Kontras: Pelaku Tak Cukup Diadili di Peradilan Militer

TEMPO Interaktif, Jakarta – Koordinator Komisi Orang Hilang dan Korban Tindak Kekerasan (Kontras) Haris Azhar mendesak kasus kekerasan terhadap warga Papua yang dilakukan TNI diproses melalui pengadilan hak asasi manusia. 

Pernyataan ini menanggapi kasus kekerasan terhadap warga Papua oleh TNI yang rekaman kasusnya tersebar di internet. TNI, seperti kata Panglima TNI Laksamana Agus Suhartono, menyatakan kasus kekerasan di Papua tidak masuk kategori pelanggaran HAM. 
 
Dia mengatakan, para pelaku tidak cukup hanya diproses di Pengadilan Militer. "Pengadilan Militer hanya menghukum tindakan indisipliner, tapi penyiksaannya belum dihukum," kata Haris ketika dihubungi, Ahad (2/1).

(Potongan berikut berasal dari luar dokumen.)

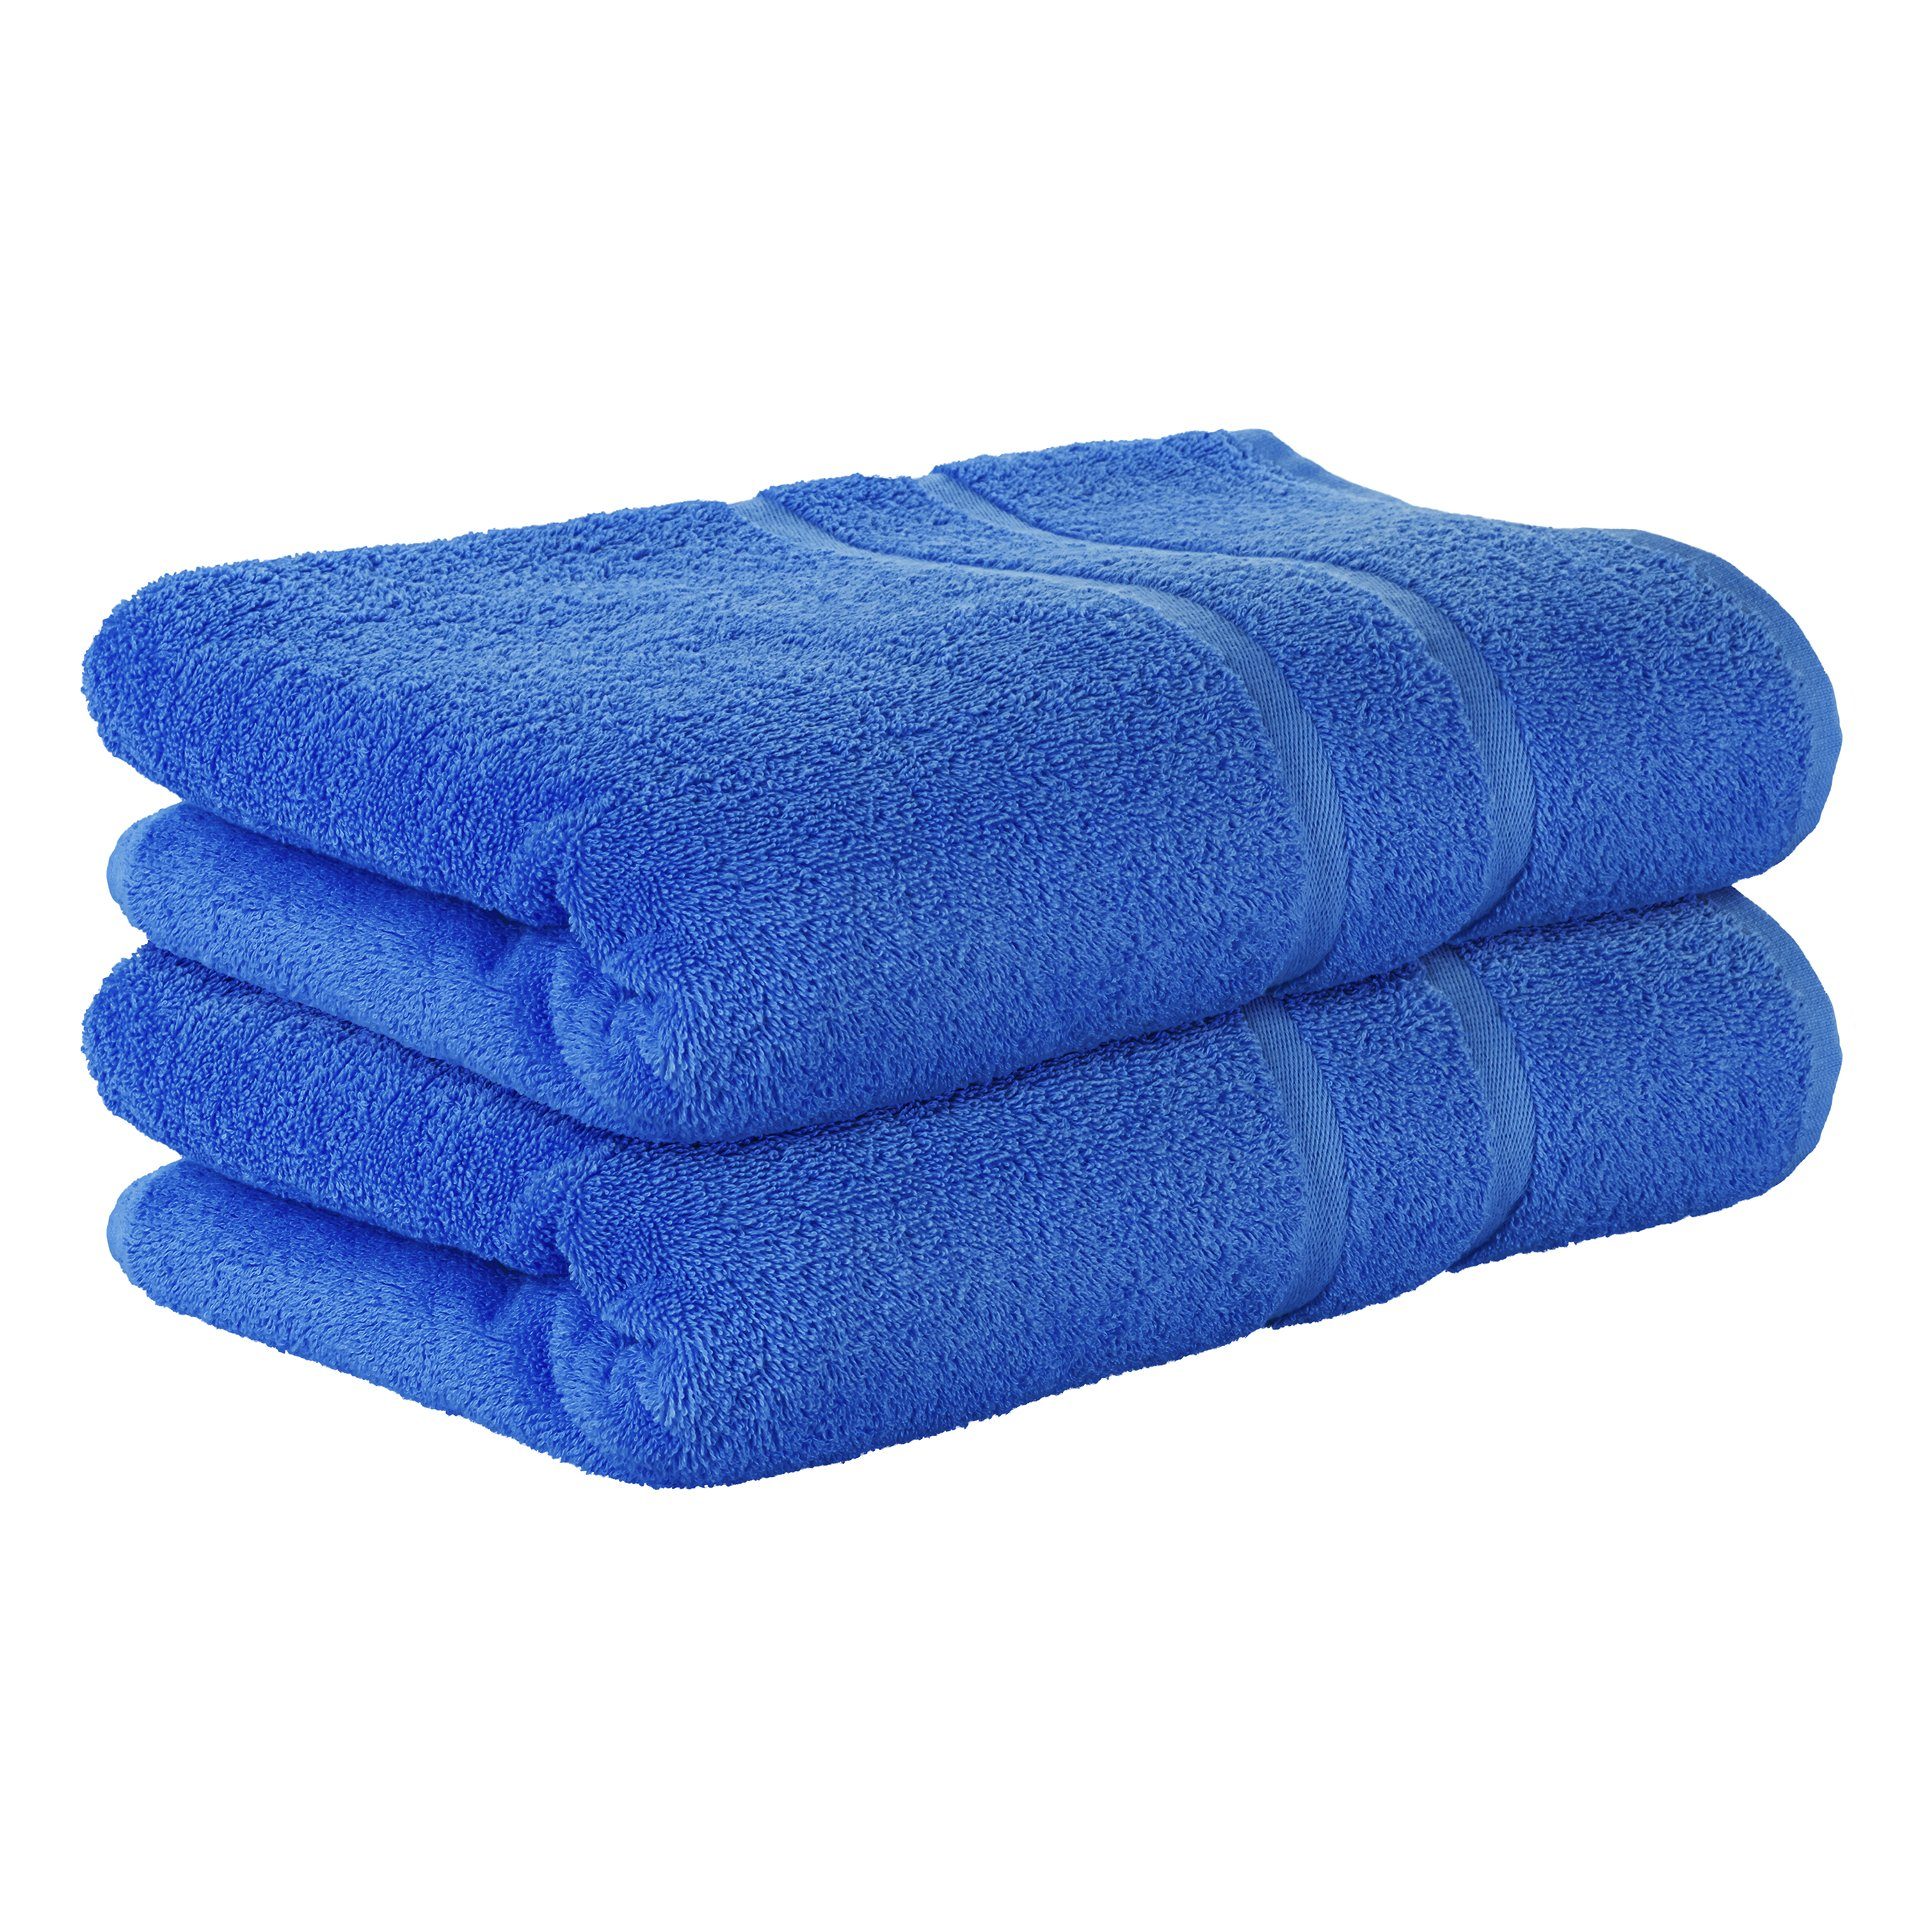 StickandShine Handtuch 2er Set Premium Frottee Handtuch 50x100 cm in 500g/m² aus 100% Baumwolle (2 Stück), 100% Baumwolle 500GSM Frottee Blau

Dalam Kitab Hukum Pidana Undang Undang Militer, kata Haris, tidak mengatur delik penyiksaan. Pengadilan Militer juga hanya mengadili perilaku indisipliner saja. "Ini harus masuk Pengadilan HAM," katanya. 
Haris menuturkan, dalam video itu terlihat jelas bahwa tindakan itu penyiksaan. Meski tentara beralasan bahwa itu untuk menginterogasi gerakan separatis di Papua, kata Haris, itu tetap tak dibenarkan.

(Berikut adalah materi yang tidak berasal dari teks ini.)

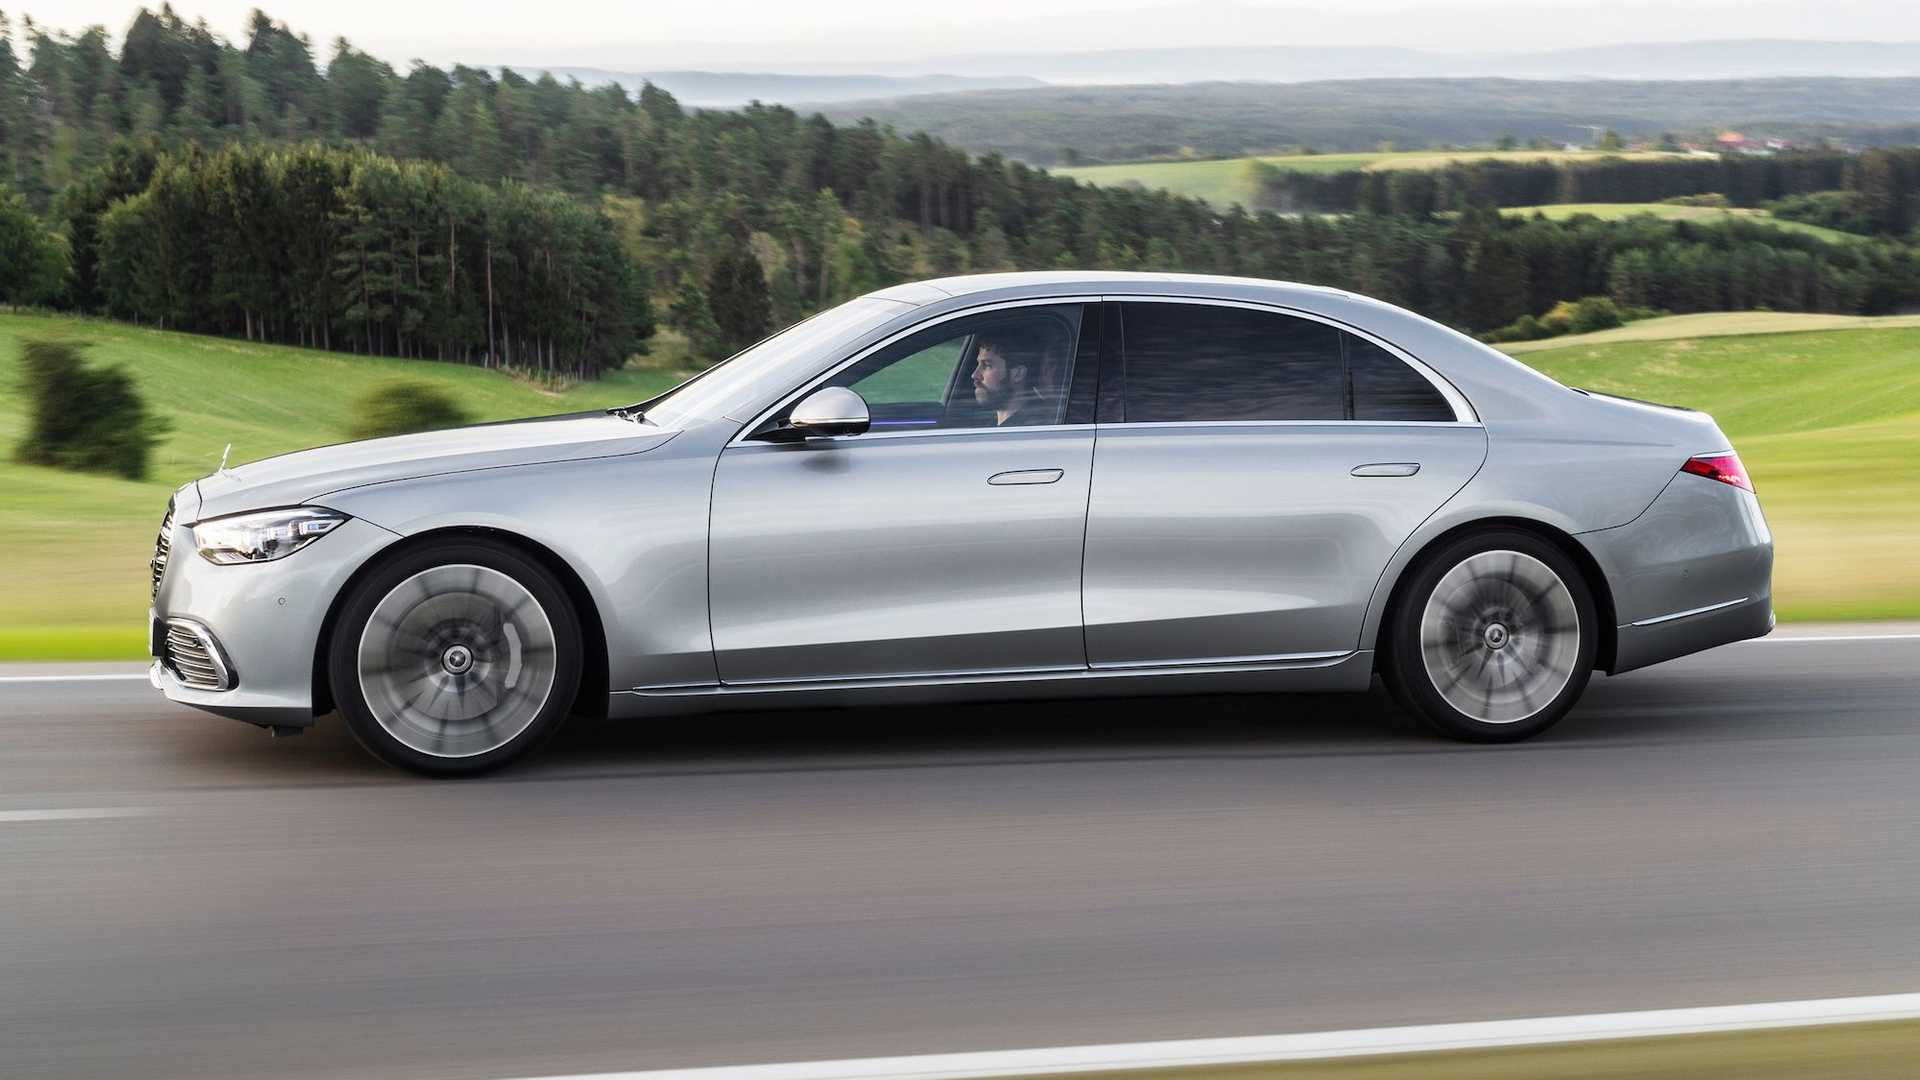 Mercedes доволни от повишеното търсене на луксозни коли

Menurut Haris, kekerasan tidak boleh dilakukan ketika mereka tidak bersenjata. Dalam video itu, para korban tidak terlihat membawa senjata. "Mereka kan tidak mengancam jiwa," ujarnya sembari mengingatkan bahwa Indonesia sudah meratifikasi konvensi anti kekerasan. 

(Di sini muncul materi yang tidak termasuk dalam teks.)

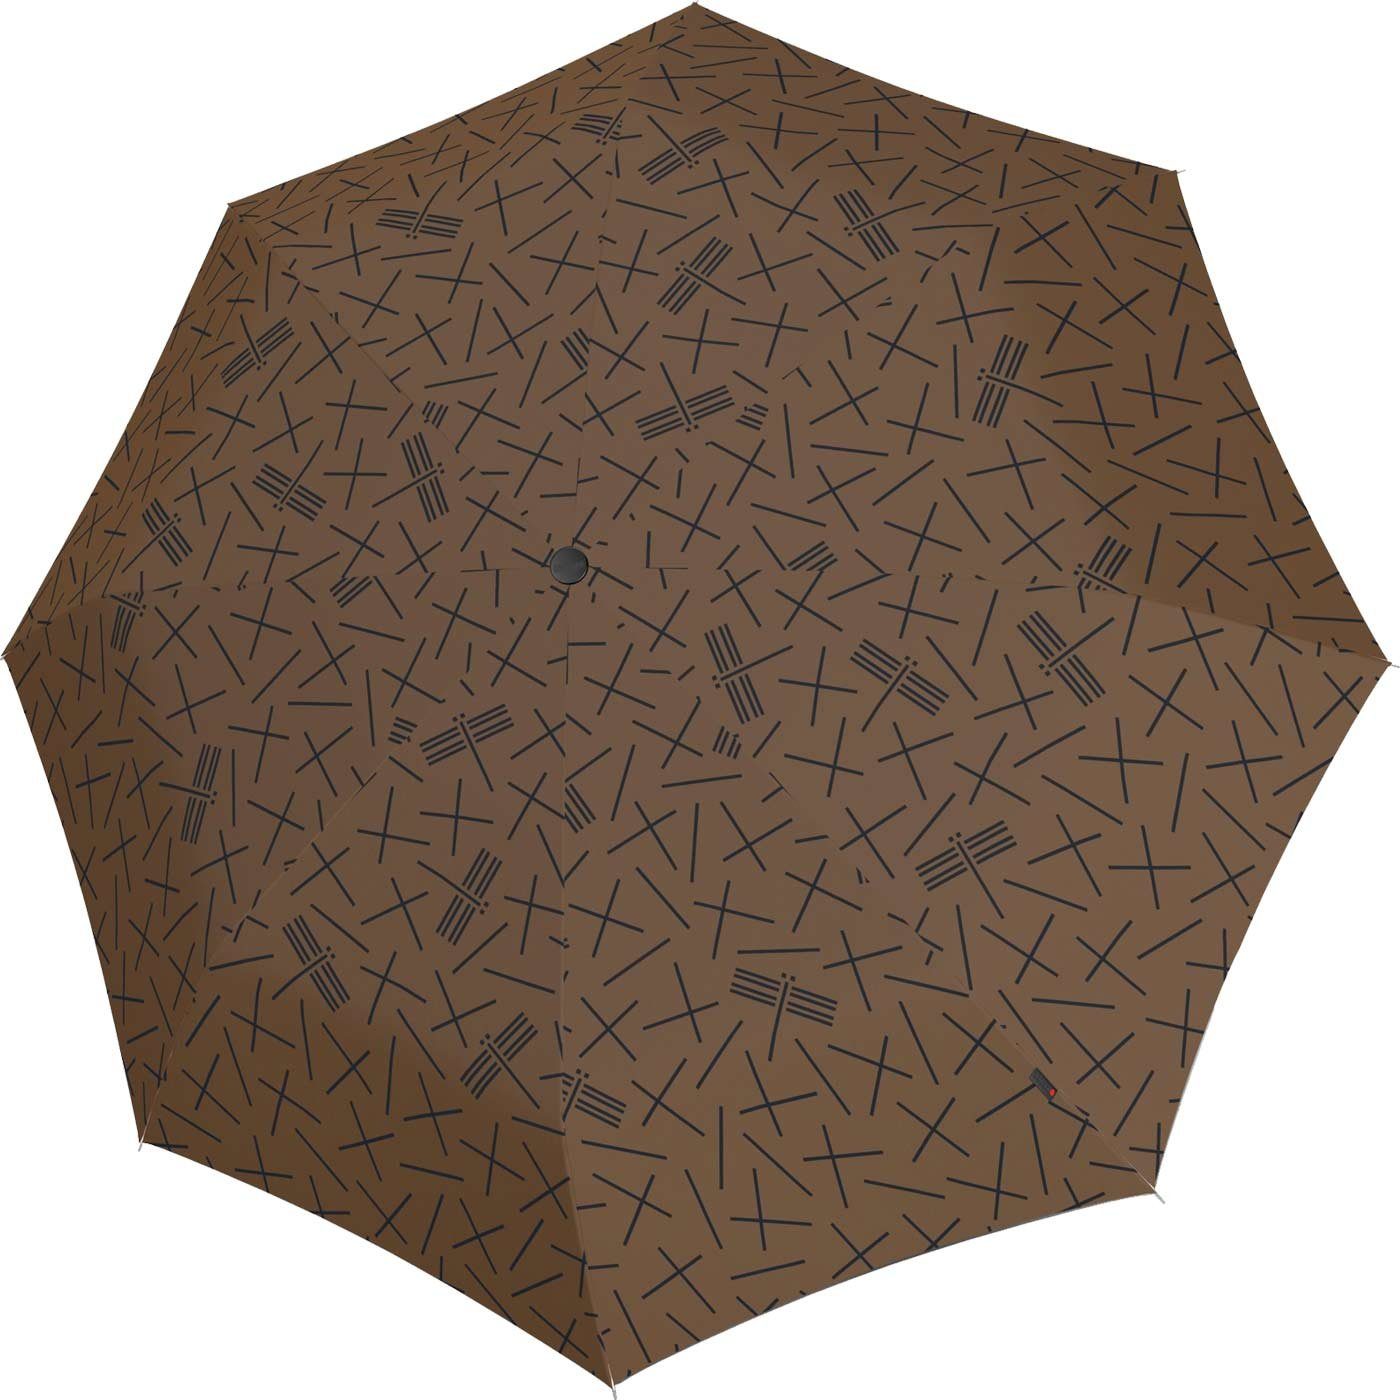 haltbar stabiler durch in den Taschenregenschirm mit Auf-Zu-Automatik, Knirps® Speichen leichter, Schirm braun Fiberglas besonders

Bagi Haris, Pengadilan HAM merupakan langkah terbaik dalam penyelesaian kasus ini. Dia berharap Komisi Nasional Hak Asasi Manusia segera menyelidiki kasus ini. 
Hanya saja, kata Haris, Komnas HAM tidak banyak melakukan terobosan dalam menangani kasus seperti ini. "Komnas HAM mandul soal kekerasan Papua ini," ujarnya.